Kampala

Kampala
orphanage visit

Friday, May 2, 2008

Back in Torit, Sudan--Apr.8-08

Upon arriving back into Torit I immediately left for the local hospital, not for myself, but rather to “see” the work being conducted by a visiting eye clinic team that came up from Uganda and stayed at our AIM compound for the week. So the week has already been full.

The local secondary school is still not in session…for many reasons. One is that the school system is in chaos, but we’ve covered this in previous writings haven’t we? The other reason school was closed was due to a national census that the government had spent months training hundreds/thousands of employees for the sole purpose of registering the entire South Sudan.

And now, as of today, the national census has been cancelled indefinitely. Ouch. Rumblings are starting again. The South saying the North is behind the stoppage, the North blaming the South. The Northern government registering and claiming the entire nation as either M. or animist, no Christians apparently! The Southerners are expressing anger at the North. So where do we go from here? This may become international news soon. For all the wrong reasons unfortunately. Let us continue to pray for this obviously fragile peace.

Torit itself continues to build at a rapid rate, we have another cell phone tower!
And this weekend ALL, the AIM South Sudan workers will be congregating at our Torit compound for our yearly retreat. Beginning Tuesday, the 15th of April ( Taxes! ) fellow missionaries will be arriving by land and place to stay with us here in Torit. It will be a crazy and filled week indeed….what a life.

Please write when you are able. Some of you have been giving and praying and blessing me behind the scenes in unbelievable ways. What fantastic confidence you have in His work here…may I burn into the work here. No matter what is before me, thanks so much.
A few, short prayer items if you will….
For continuing outreach in the community of Torit…I am praying for relationships with Jesus to develop with many of the Arab men and teachers I work with daily in & outside of school.

A healing body and specifically lower back….yes. How much fun I know.
But to have a developing injury in a area when ALL my transport is based on carrying and lifting and walking…makes a tender injury slightly concerning. Love total healing and relief and I know He can do this…

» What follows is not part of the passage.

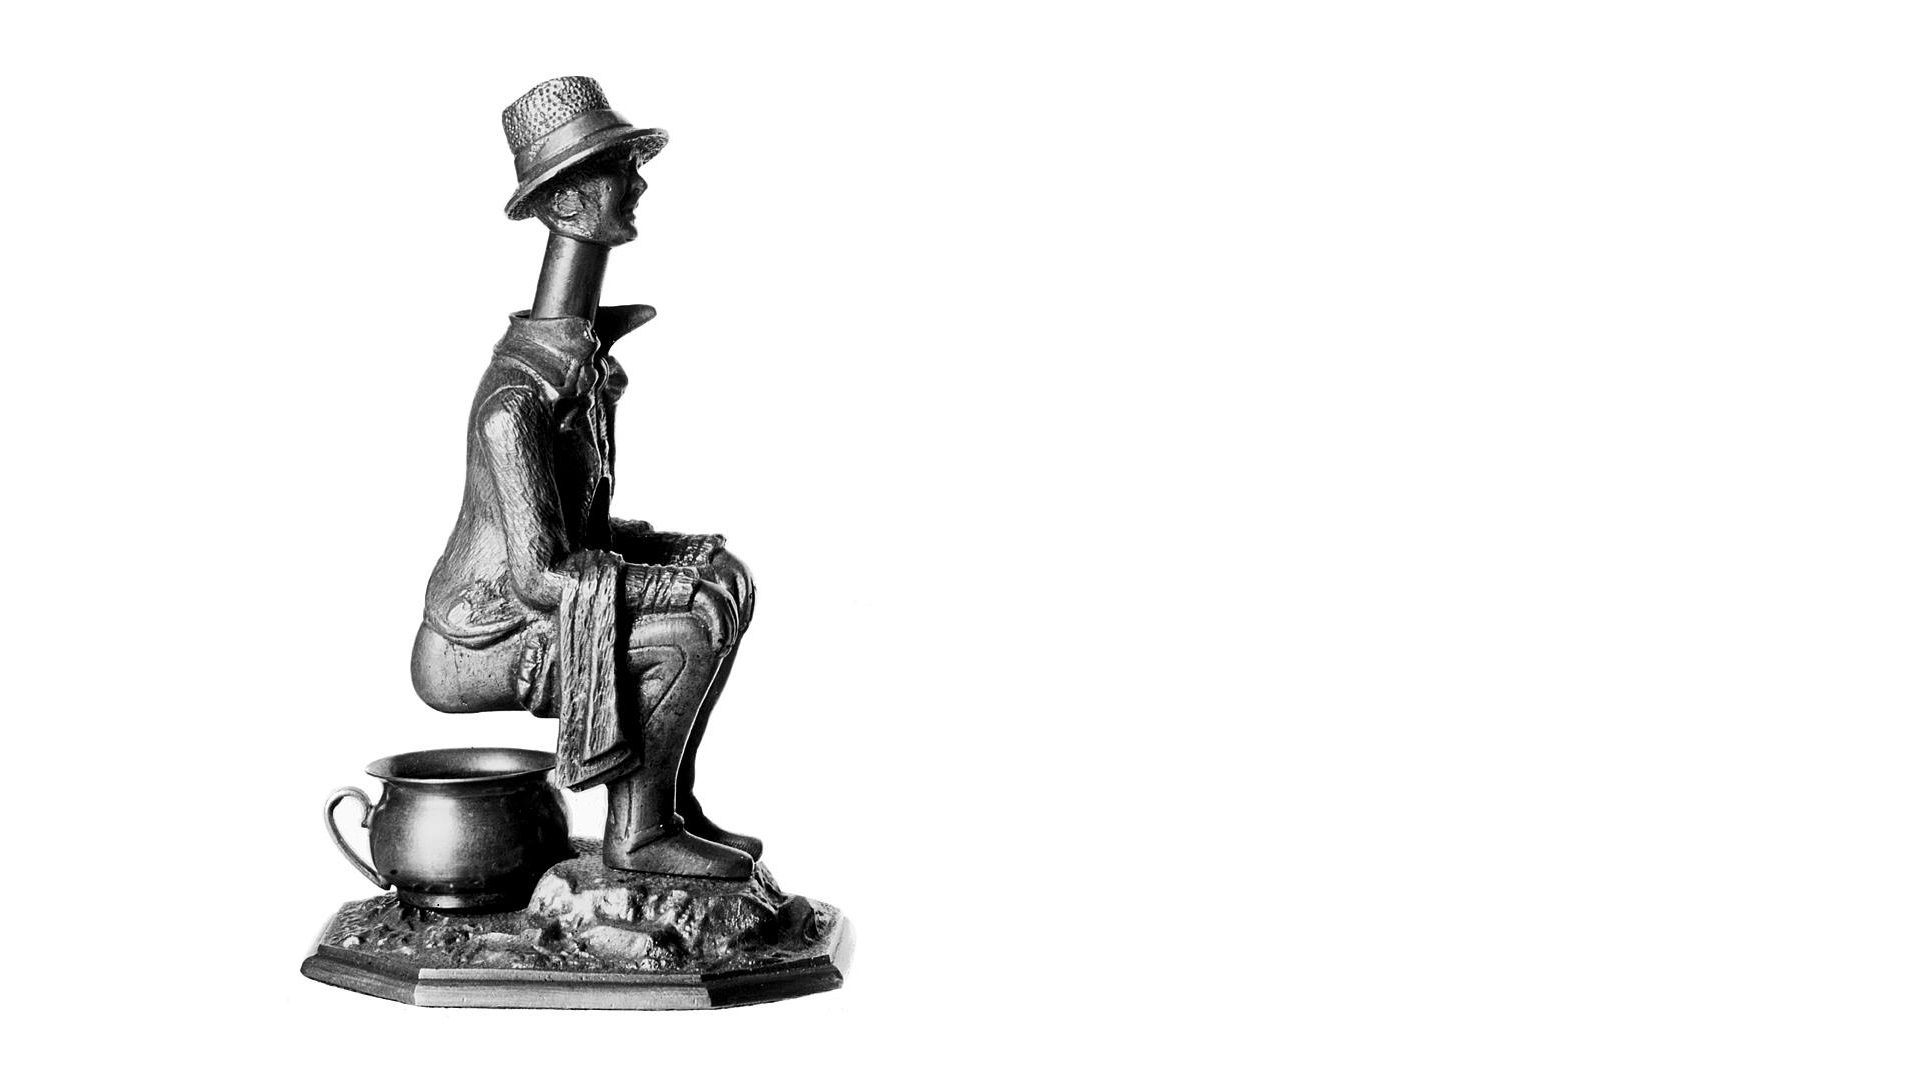 En metallfigurin föreställande en man med hög hatt som sitter på en potta. Den används för att snoppa cigarrer.

The month of May will see many fellow friends and co-workers leaving the Sudan and specifically Torit. Phil and Linda Byler, will be leaving for a four month furlough back to Pennsylvania. Kelly Miller will be leaving Torit this month for a "permanent" return to Virginia and several other fellow South Sudan colleagues will be returning to Canada or the States. Always in transition…..

Love, Lovelace

April in Uganda 4-08

On the 8th of April I returned from a lengthy stay in Uganda. Since landing back on the Africa soil in October I had yet to take any break from the ministries and work… Sometimes I become so absorbed in my present ministries that leaving is an after thought. I left Torit before the Easter weekend for a short “time out” and traveled by road through the South Sudan country spending one evening in Gulu, Uganda. This was my first encounter with the area of Northern Uganda which had until recently been engulfed in civil war. A war lead by the Lord’s Resistance Army and armed by child soldiers stolen from the Northern Acholi Ugandan tribes. Gulu, Uganda is now a prospering, developing East African town, comparable to any place in Kenya or Uganda. Sorry, but the Sudan isn’t quite there yet. When Torit has a gas station with apples and Diet Coke, then we’ve arrived! After an evening in Gulu, I hitched a ride on a large bus at around four thirty a.m. and arrived the same day into the heart of bustling Kampala town.

Thankfully, the time away from the Sudan in Uganda was refreshing and of course busy. I have earned the nickname “ Motor” from my beloved Aim colleagues at the Kampala, Uganda Central region offices. Never slowing down. So true. Absorbing and treasuring the time in Africa, whether Sudan, or Uganda, or Kenya makes my life blessed. How I desire to share this time with all of you. I have become close friends with another AIM’er named Gene Tan who works in AIDS research at a well-established Kampala, Uganda health clinic named MildMay. Together Gene and I shared a flat in Kampala alongside other AIM co-workers

The few weeks in Kampala were filled with various activities. Had the opportunity to volunteer at a local street children’s shelter named Dwelling Places. Gene and I were even able to take a few of these young men out to a movie…“ The Spiderwick Chronicles?” Does that ring any bells…anyway. The boys loved it. I also found new ways, even in a foreign city, to integrate into the very large, and visible, M. community. During one day a local M. Sheik took me to his Arab/M. training school located outside the Kampala area. I then spent an afternoon at the Mosque as a “guest” and visited his extended family and home. Hopefully, as time goes I will have further opportunities to reach into the M. community that is very open, and populous in the capitol of Uganda.